Протокол направлен на моделирование in vivo условий дегенерации межпозвоночных дисков для исследования его патофизиологии без необходимости использования животных моделей. По сравнению с культурой клеток in vitro, метод культуры органов биореактора поддерживает клетки в их родном биологическом и биомеханической микросреде в дополнение к поставке контролируемого и воспроизводимого состояния культуры. Начните с тщательного промывания всего хвоста крупного рогатого готья водопроводной водой для удаления грязи и волос на поверхности, затем погрузите хвост в 1%-ный раствор бетадина на 10 минут для дезинфекции поверхности.
Используйте скальпель No 20 для удаления мягких тканей из каудального отдела позвоночника, чтобы облегчить идентификацию межпозвоночных дисков, или IVD. Удалить остистые и поперечные отростки позвонков плоскогубцами. Разрезайте поперечно плоскогубцами через середину каждого тела позвонка для получения отдельных сегментов движения, затем поместите собранные сегменты движения в чашку Петри с марлей, смочещенной в растворе Рингера.
Найдите IVD в позвонках, мягко перемещая сегменты движения, затем определите местоположение пластины роста, коснувшись и найдя выпуклую сторону костной концевой пластины. Охладите лезвие ленточной пилы раствором Рингера и используйте его, чтобы сделать два параллельных разреза в ростовой пластине IVD, по одному с каждой стороны. Переложите IVD в чистую чашку Петри с чистой марлей, смочещенной раствором Рингера.
Соскоблите тело позвонка и пластину роста с помощью лезвия скальпеля, оставив торцевую пластину нетронутой. Расположите две поверхности ровно и параллельно для процедуры загрузки и переложите соскобленные IVD в свежую чашку Петри с марлей, смочещенной раствором Рингера. Измерьте высоту и диаметр диска с помощью суппорта, затем очистите сгустки крови в кости позвонков раствором Рингера с помощью струйной системы промывки.
Дезинфицировать IVD в PBS и 10% пенициллин стрептомицин с встряхиванием в течение 15 минут. Смойте антибиотики высокой концентрации PBS и 1% пенициллина стрептомицина. Перенесите диски в IVD-камеры, содержащие пять миллилитров питательной среды IVD, и поместите их в систему биореактора с инкубатором при температуре 37 градусов Цельсия с влажностью 85% и 5% углекислого газа.
Культивируйте диски в течение четырех дней в системе биореактора, поддерживая различные условия нагрузки в соответствии с экспериментальными группами. В физиологической контрольной группе культивируйте IVD со средой с высоким содержанием глюкозы, используя протокол загрузки от 0,02 до 0,2 мегапаскаля и 0,2 герца в течение двух часов в день. В патологической группе культивируйте IVD с низкой глюкозной средой с использованием протокола нагрузки от 0,32 до 0,5 мегапаскалей и пяти герц в течение двух часов в день.
Между процедурами загрузки поместите IVD в шестистволочные пластины с семью миллилитрами питательной среды IVD для свободного восстановления отека. Ежедневно измеряйте высоту диска с помощью суппорта после периода свободного набухания и после динамической нагрузки в течение экспериментальной продолжительности. После первого динамического цикла загрузки в первый день непосредственно поместите IVD в чашку Петри в вертикальном положении и стабилизируем их пинцем.

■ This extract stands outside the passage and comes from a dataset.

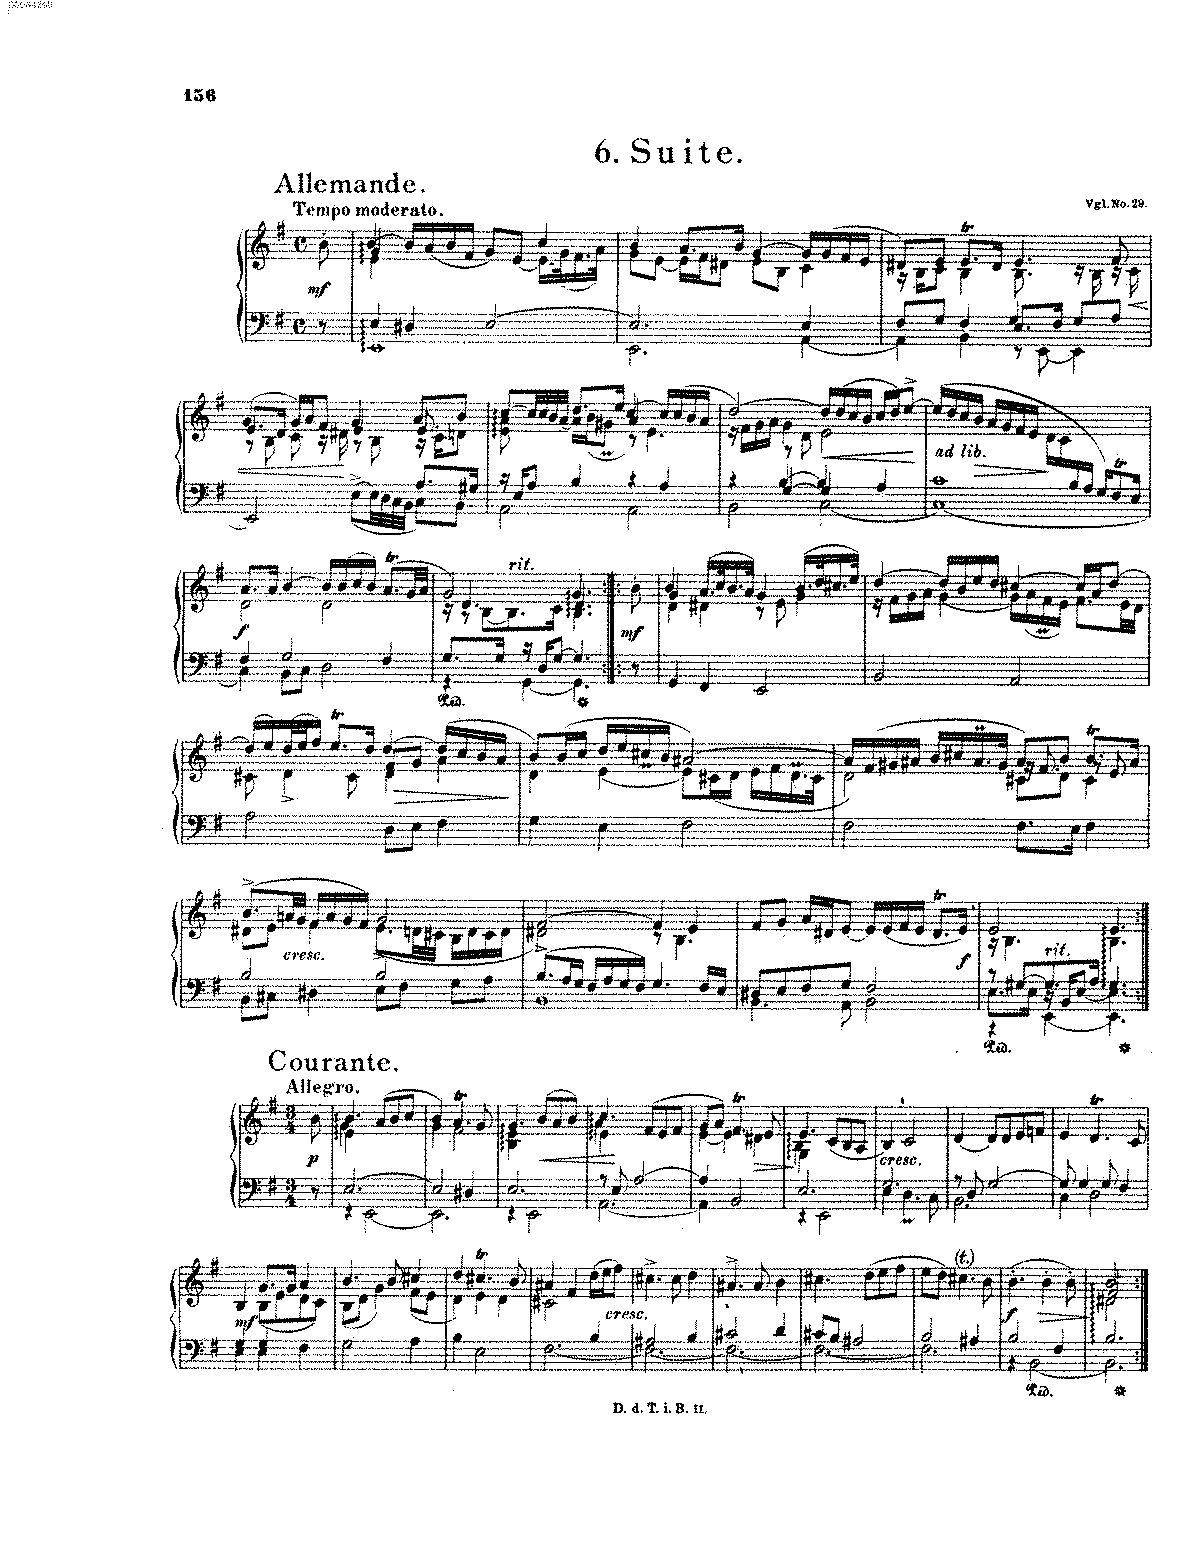 Suite in E minor, P.436 (Pachelbel, Johann) - IMSLP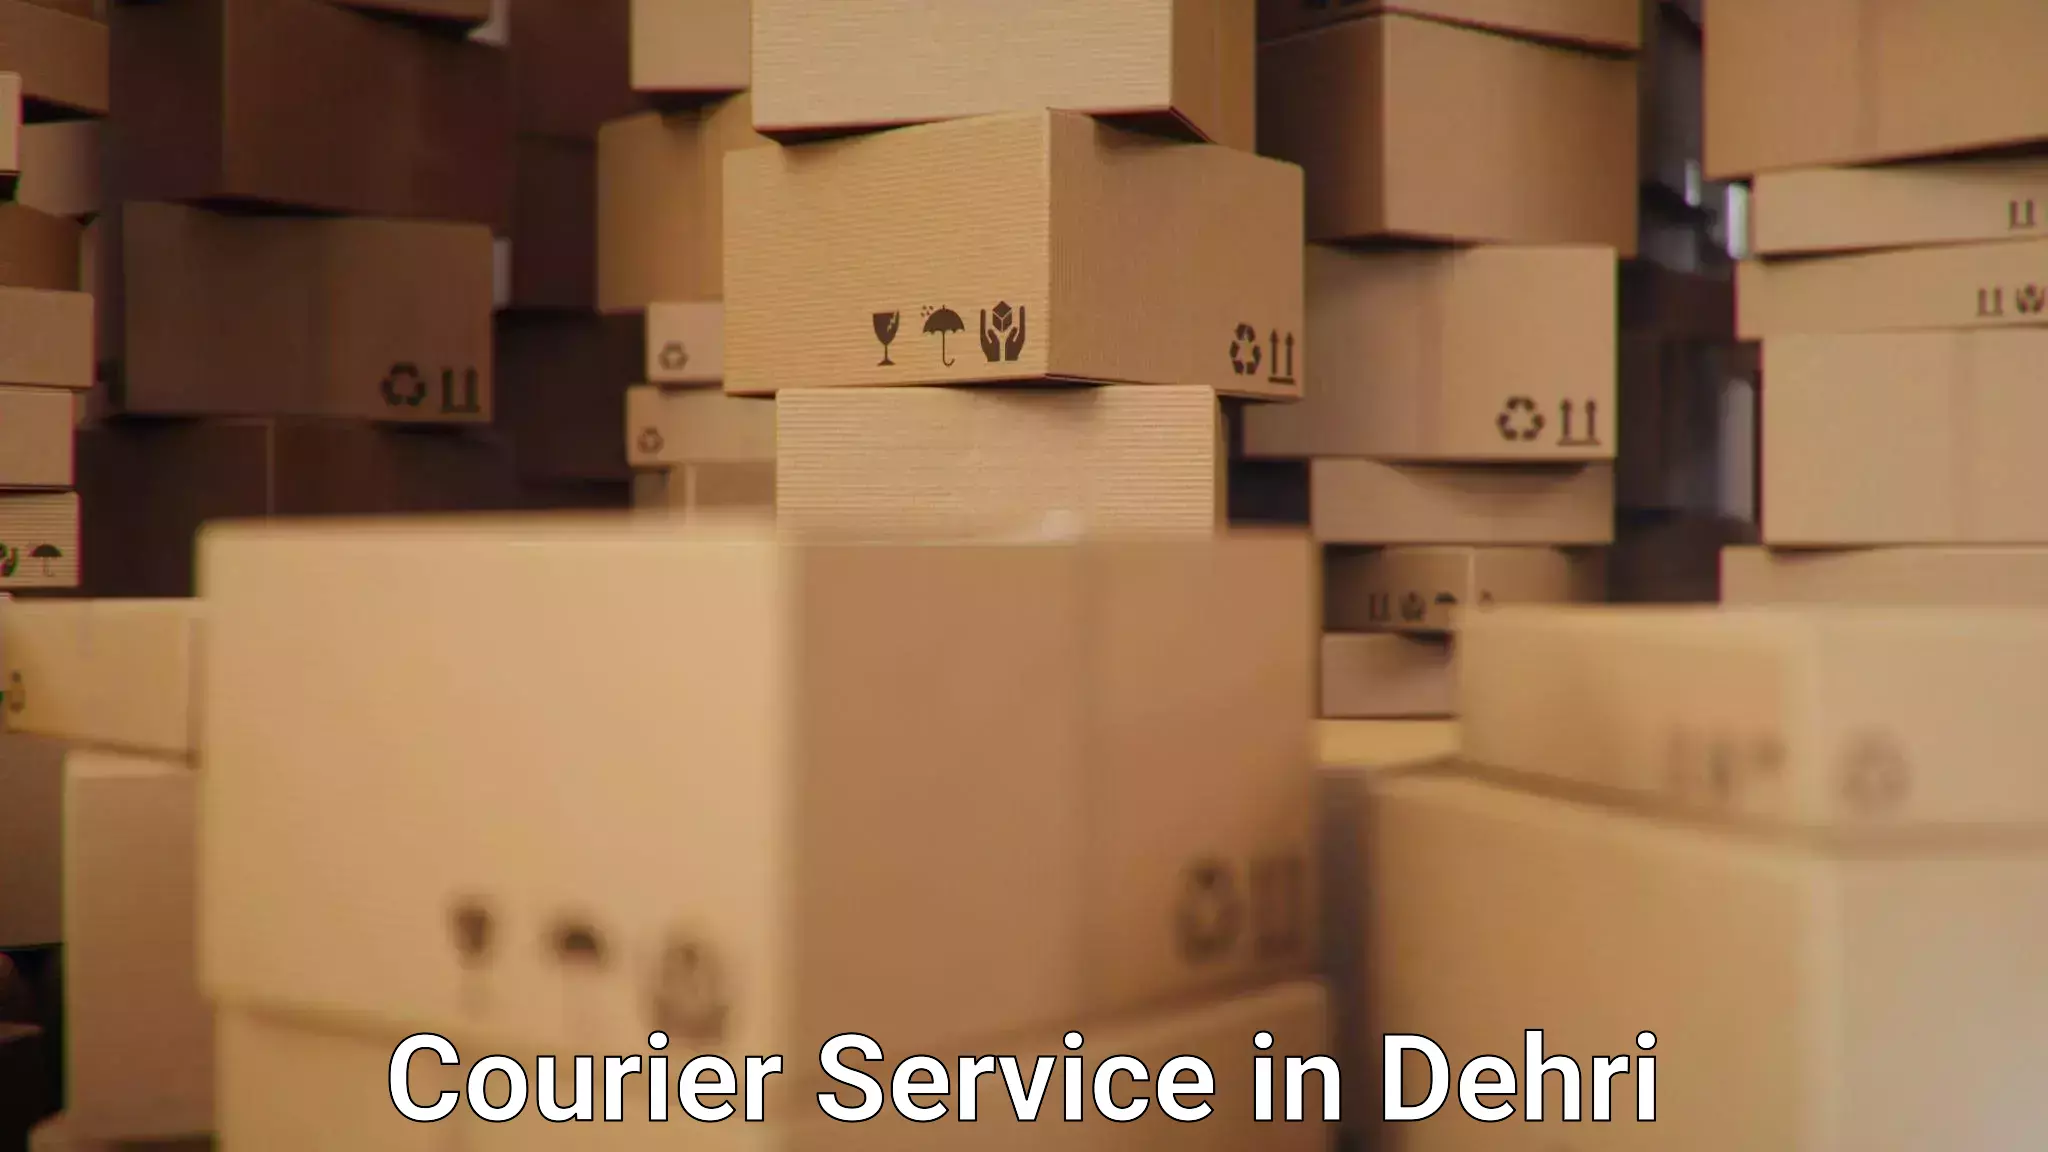 Express courier capabilities in Dehri

Вводят рекомбинантный TNF-альфа с помощью инсулиновой иглы 30-го калибра медленно со скоростью примерно 70 микролитров в минуту в IVD патологической группы. После инъекции потяните шприц наполовину назад и потяните плунжер, чтобы создать вакуум, который предотвращает утечку впрыскиваемого раствора, а затем полностью извлеките шприц из IVD. Дегенеративная нагрузка в сочетании с ограниченным питанием и инъекцией TNF-альфа вызвала значительное увеличение экспрессии генов провоспалительных маркеров интерлейкина шести и интерлейкина восьми в ткани NP после четырех дней культивированием.
Высвобождение белка интерлейкина восемь в кондиционированную среду показало заметное увеличение патологической группы на второй и четвертый день. Снижение высоты диска после нагрузки было выше в патологической группе по сравнению с физиологической группой, а различия были более выражены через второй и третий дни по сравнению с первой, что свидетельствует о прогрессирующем эффекте дегенеративных и воспалительных состояний. Стандартизированный метод рассечения важен для воспроизводимых моделей культуры всего органа IVD.
Биореактор необходим для применения физиологических и дегенеративных нагрузок на IVD для моделирования различных биомеханических состояний in vivo. Этот метод может быть применен к эксплантам IVD человека, что имеет высокую клиническую значимость. Это новая доклиническая модель для разработки эффективных методов лечения на ранней стадии дегенерации диска.